Avery and I met through TikTok when she found my work, reached out about helping with my social media, and somehow a simple DM turned into a steady collaboration and friendship. She’s been behind the scenes with me for almost a year now, making sense of my creative chaos. When she mentioned wanting Western engagement photos, it felt right that we do them together. Avery lives in Colorado, and her fiancé, Aiden, is stationed in Oklahoma. They’ve been doing long distance, but soon she’ll be moving to Oklahoma after their wedding, trading mountains for pastures, and she wanted photos that would capture that. The place they’re about to call home, and what it means to build something new together.
Her only request was that the photos feel simple, unposed, a little playful. So we leaned into the quiet parts of Oklahoma: the fields, the hay bales, and the pond that mirrored the sky.
Fink Ranch sits just outside Oklahoma City — wide pastures, a quiet pond, and a few curious horses. It’s simply beautiful.
For mid-August, the weather felt like a small miracle. High 80s, overcast, and not a trace of the usual Oklahoma heatwave that turns the air into soup. The clouds rolled in early and stayed put, giving us soft, even light all day. Sure, we didn’t get a sunset, but honestly? I didn’t miss it. The even light let us roam, and we got to play around with that blue light at dusk.
The mood of the day matched the weather. We wandered from the pond to the hay bales, ending near the stables as the light faded. Sometimes the best sessions are the ones that unfold exactly the way the day decides.

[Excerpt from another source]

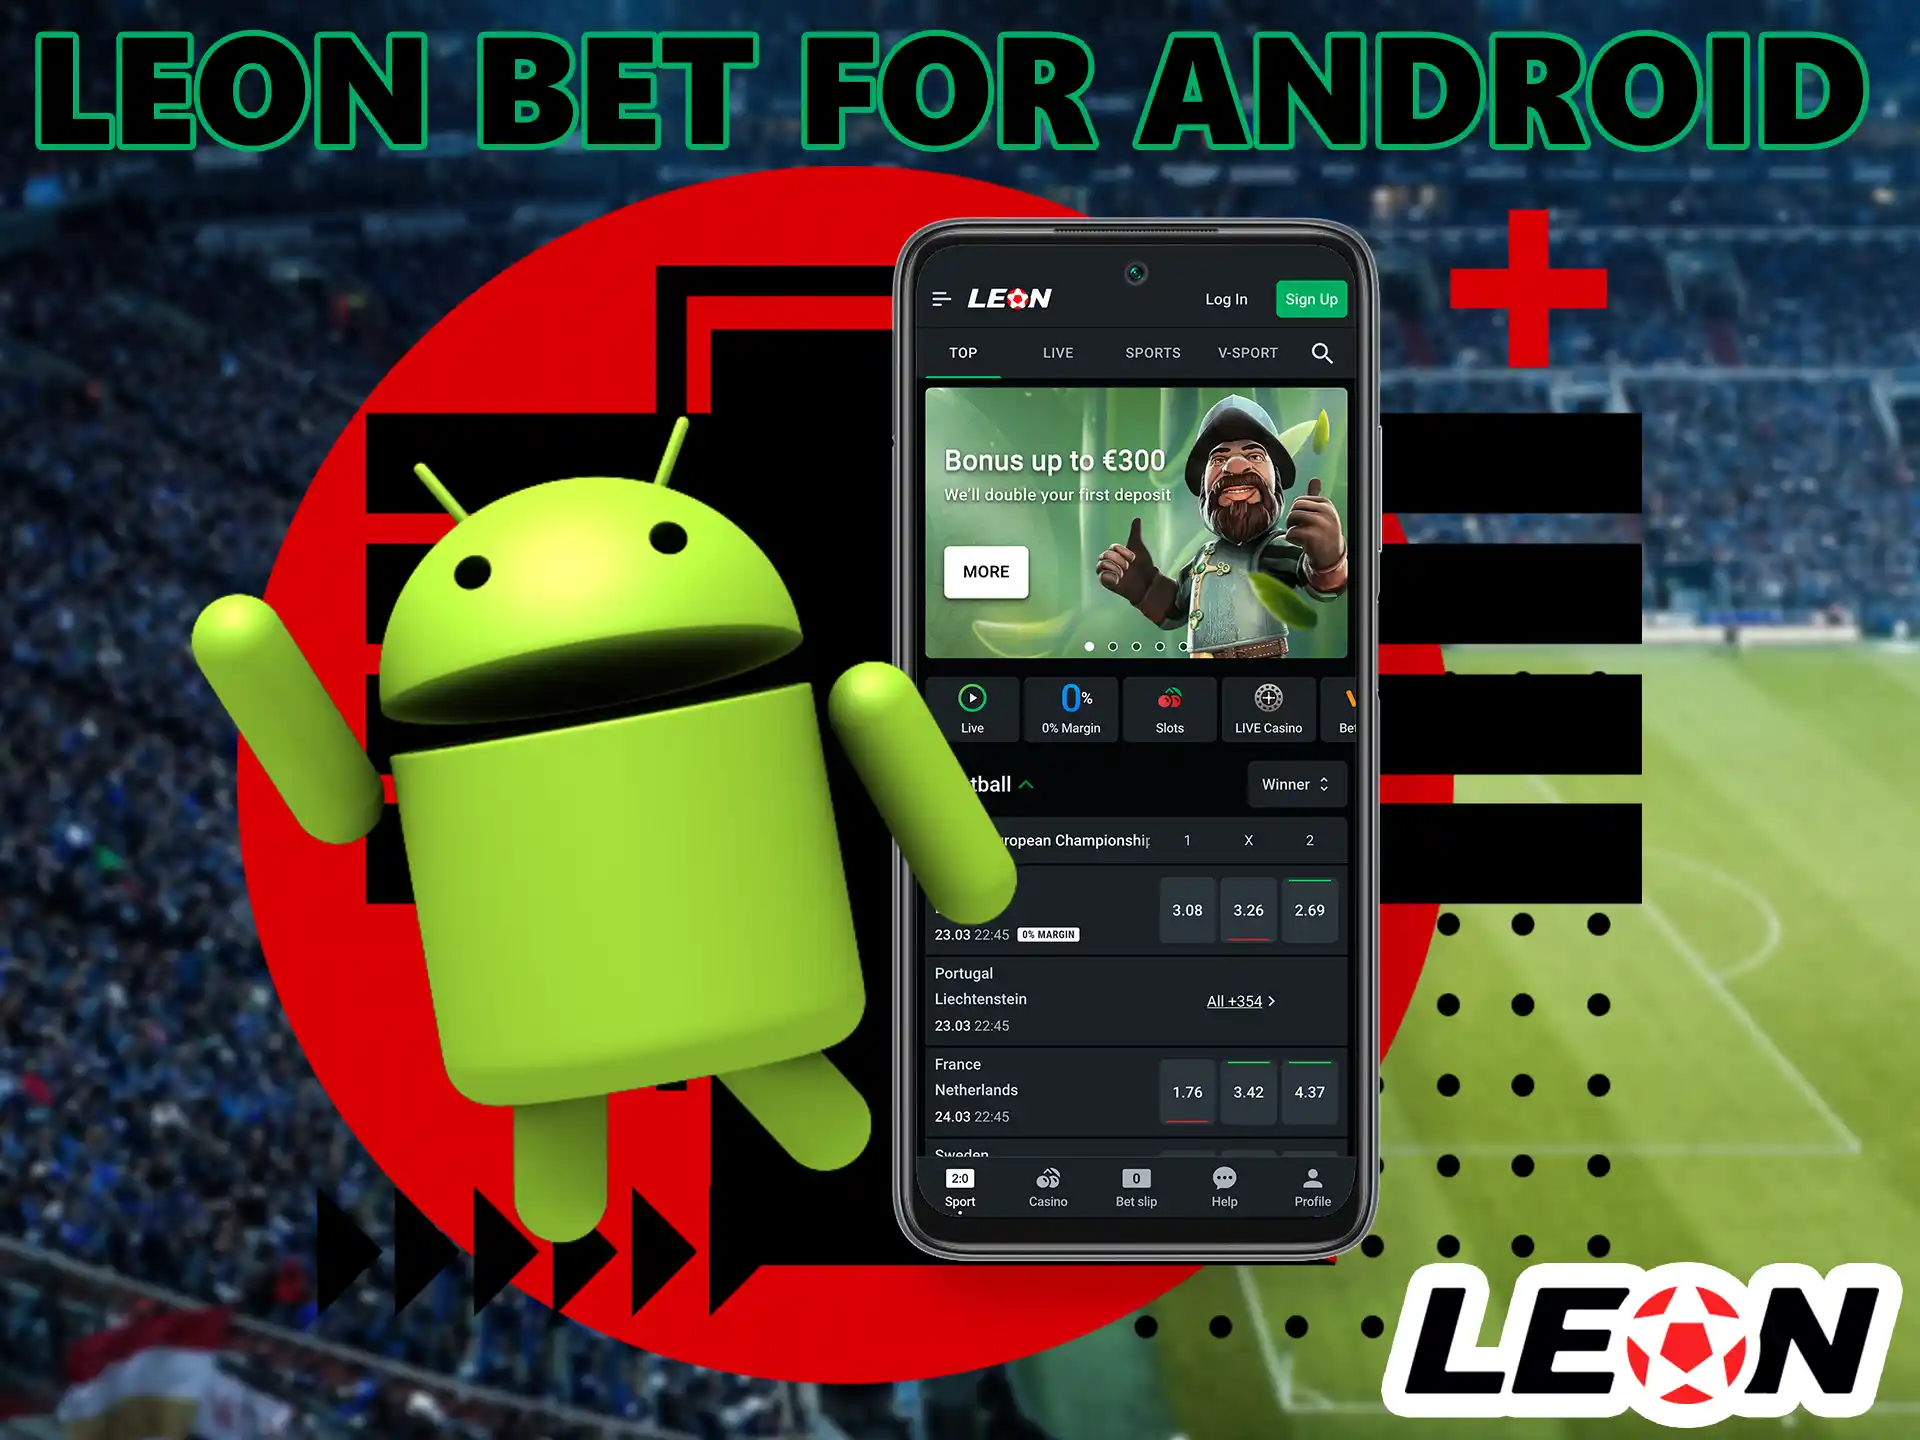 Leon Bet's software provides a superior gaming experience, saving traffic by making betting mobile wherever it is convenient for the customer.

Avery showed up in a playful and timeless white romper. The brown cowboy boots. Together, they looked like the couple you’d see laughing at the county fair.
They sprinted across hay bales like kids, and there was a lot of laughter, a few sarcastic comments, and easy affection that doesn’t need direction. The horses made a guest appearance near the end. What I love most about this gallery isn’t the light or the composition, but how comfortable they look. It hints at what’s ahead — a life built on simple moments and shared laughter.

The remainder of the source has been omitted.